Обернувшись к входной двери, он убедился, что «Купальщица» Ренуара, цветная репродукция из журнала «Огонек», прикреплена на своем обычном месте, над дверью. По этой причине случайные гости замечали ее только когда оборачивались, собираясь уходить. За «Купальщицу» холостяки долго «воевали» с политработниками, до тех пор, пока на место прежнего начальника политотдела полка, действовавшего по старым комиссарским законам: «не дозволять никакой порнографии», не пришел новый, относительно молодой выпускник ВПА им Ленина. Он неожиданно «Купальщицу» как раз одобрил, дескать, какая же это порнография, это произведение искусства. Не знал этот «новатор», что если, к примеру, открыть дверцу платяного шкафа, то на обратной стороне можно обнаружить множество фотографий вырезанных, как из зарубежных журналов, так и отечественного кустарного производства, которые к разряду высокого искусства вряд ли можно отнести. Ратников никогда не лазил по шкафам в чужих квартирах, но замполит как-то довел до него, что у холостяков там наклеена настоящая порнография. Пырков хоть и закончил высшее военно-политическое училище, тем не менее, не имел четкого представления об истинном значении этого слова. Когда Ратников, отреагировав на «тревожный сигнал», посетил холостяков, и, просто без крика, попросил показать ему «секретную» дверцу, то ничего, как ему показалось порнографического там не обнаружил. На тех снимках женщины были без мужчин, правда почти без одежды, но никакой грязи и безобразных поз. Как потом Ратников рассказал об этом жене: «Никто в раскоряку, на манер легально демонстрируемых по телевизору танцев на льду в исполнении фигуристов Бестмьяновой и Букина, там не стоял.»

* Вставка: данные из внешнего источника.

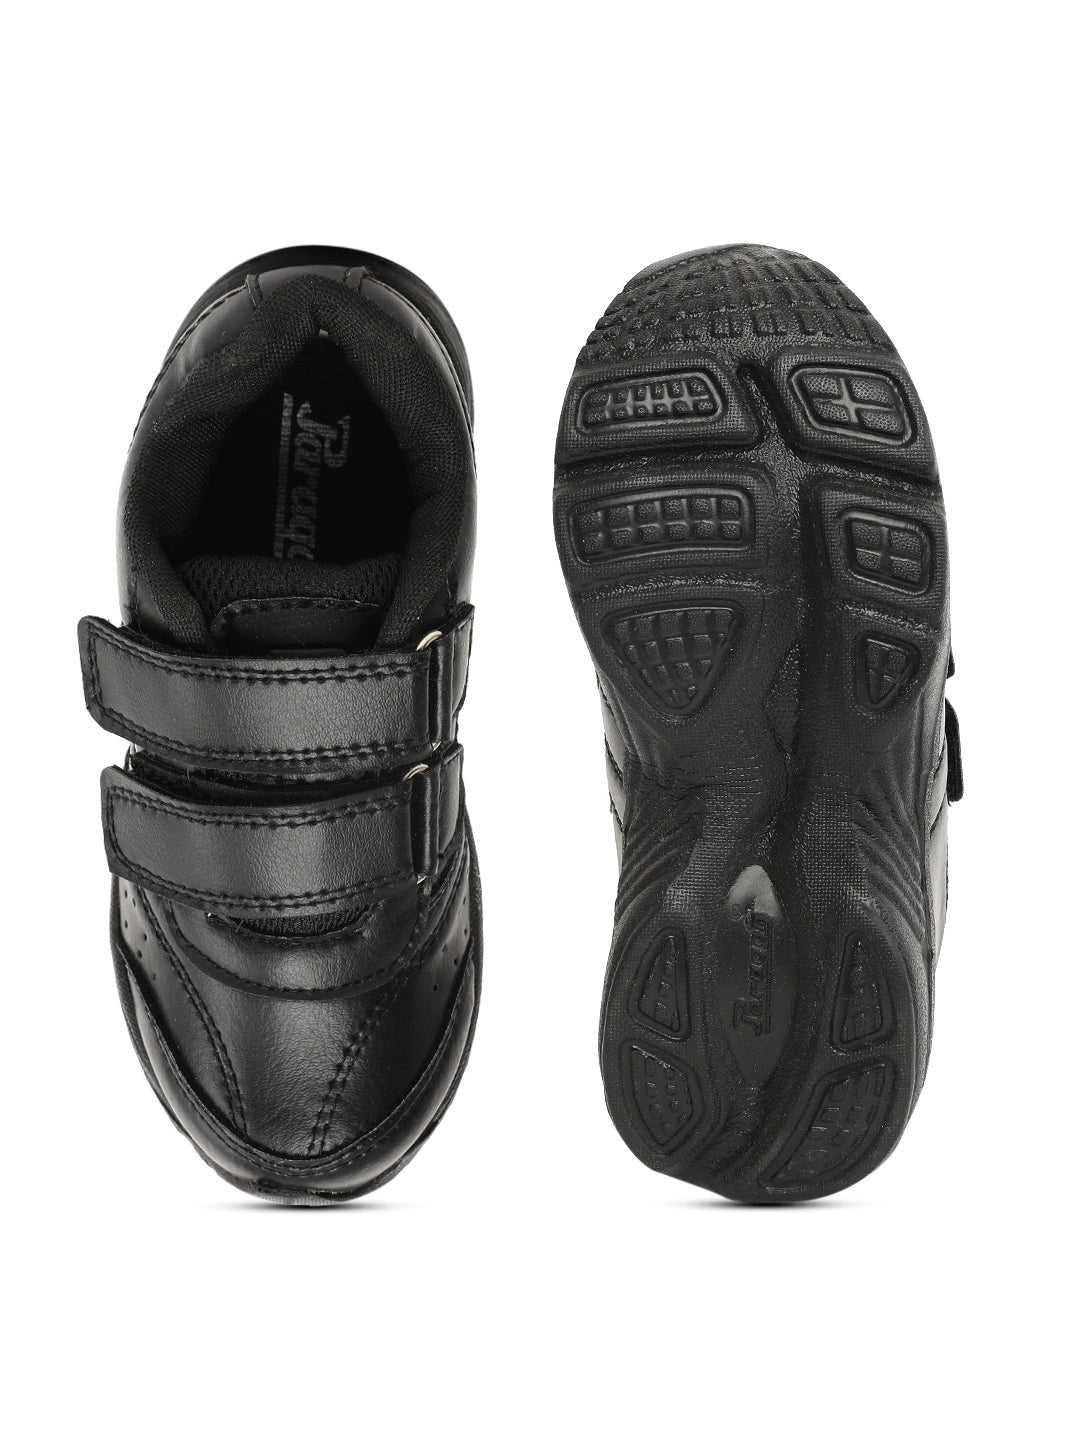 Paragon  R10600K Kids Formal School Shoes | Comfortable Cushioned Soles | School Shoes for Boys &amp; Girls

Тем не менее, претензии к моральному облику холостяков высказал и женсовет «точки». Многие «офицерши» были недовольны тем, что их мужья по вечерам после службы частенько идут не домой, а задерживаются у холостяков, чтобы «раздавить» там припасенный заранее «пузырь». Холостяки сами почти не пили, но, что называется, помещение предоставляли «страждущим». Женщин возмущал даже не столько сам факт пьянки, а то, что их благоверные одновременно глазеют на те самые фотографии и репродукции. Председатель женсовета, жена командира стартовой батареи капитана Сивкова не раз пыталась посетить «логово разврата», но ей холостяки вежливо, но твердо давали «от ворот поворот». В конце концов она обратилась к Анне и призвала ее во главе делегации женщин провести соответствующую ревизию. Анна сначала отнекивалась, но и в ней, в конце концов возобладала естественная женская слабость – любопытство. Жене командира холостяки отказать не посмели, только попросили полчаса на наведение мало-мальского порядка. За это время они поснимали наиболее «откровенные» снимки. Так что потом, когда Ратников поинтересовался у Анны результатами их «рейда», жена лишь пожала плечами – она ожидала куда большего. На вопрос мужа:

– Как и эта голая девка, что у них над дверью висит, тебя не смутила?

Анна загадочно улыбнулась и ответила:

– Кого как, некоторых даже очень. Колодина как змея шипела, что все это сорвать надо. Она видимо думала, что это я срывать должна, или тебя заставить. Дура орастая. А тебе не кажется, что эта самая купальщица очень даже красивая?

– Но все-таки… она же голая, – не совсем уверенно возразил Ратников.

– Нет, ты ответь, как ты ее находишь, ведь не один раз видел, наверное? – не то с усмешкой, не то с упреком спрашивала Анна.

– Ну, не знаю, – смутился Ратников, боясь не угадать нужного ответа и разозлить жену.

– Как выдрессировала я тебя, товарищ подполковник, – засмеялась Анна. – Не бойся, не буду я тебя ревновать к картине. Она тебе никого не напоминает?

И тут только до Ратникова дошло:

– Ба, вот я дурак-то, думаю, что ты меня пытаешь, а ты вот о чем… Действительно на тебя очень похожа… лет десять назад. Твою голову к той девке приставить, и почти одна к одной.

– Десять лет, говоришь? А сейчас, что совсем, значит, старая развалина стала? – уже нарочито строго, но со смешливыми глазами спрашивала Анна.

– Ну что ты, нет… только уже другая стала, больше на тех, что Рубенс рисовал похожа, – нашел как «извернуться» Ратников.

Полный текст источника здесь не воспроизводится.